= Waybill =

Document detailing cargo shipment

A waybill is a document issued by a carrier acknowledging the receipt of goods by the carrier and the contract for shipment of a consignment of that cargo. Typically it will show the names of the consignor and consignee, the point of origin of the consignment, its destination, and route. Most freight forwarders and trucking companies use an in-house waybill called a house bill. These typically contain "conditions of contract of carriage" terms on the back of the form that cover limits to liability and other terms and conditions.

A waybill is similar to a courier's receipt, which contains the details of the consignor and the consignee and the point of origin and the destination.

==Air waybills==
Most airlines use a different form called an air waybill which lists additional items such as airport of destination, flight number, and time.

==Sea waybills==
The UK Carriage of Goods by Sea Act 1992 s.1(1) applies to:
- bills of lading s.1(2),
- sea waybills s.1(3), and
- ships' delivery orders s.1(4),
... whether in paper or electronic form s.1(5).

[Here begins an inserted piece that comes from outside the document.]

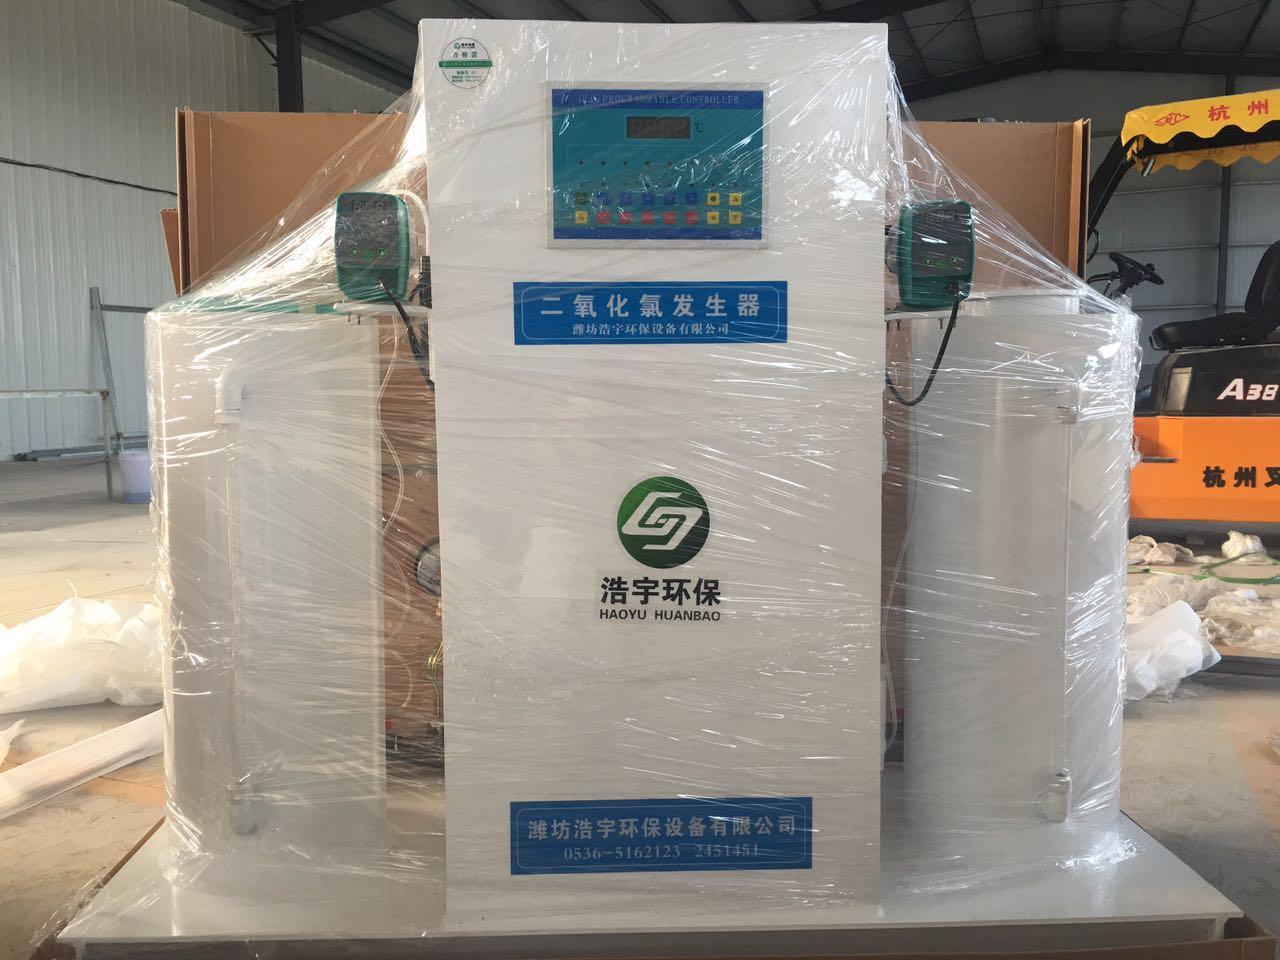 乡镇饮用水消毒设备 <br> 全新  价格:5500 <br> <img src=http://k.kqzp.cn/img/up/img/5f965e2bc709f.jpg

Under s.1(3) of the Act, a sea waybill is: "any document which is not a bill of lading but is such a receipt for goods as contains a contract for the carriage of goods by sea; and identifies the person to whom delivery of the goods is to be made by the carrier in accordance with that contract".

s.2 continues: "...a person who becomes the person who (without being an original party to the contract of carriage) is the person to whom delivery of the goods to which a sea waybill relates is to be made by the carrier in accordance with that contract ... shall (by virtue of becoming the person to whom delivery is to be made) have transferred to and vested in him all rights of suit under the contract of carriage as if he had been a party to the contract of carriage".

Note: the UK's Contracts (Rights of Third Parties) Act 1999 does NOT apply to contracts for the carriage of goods by sea.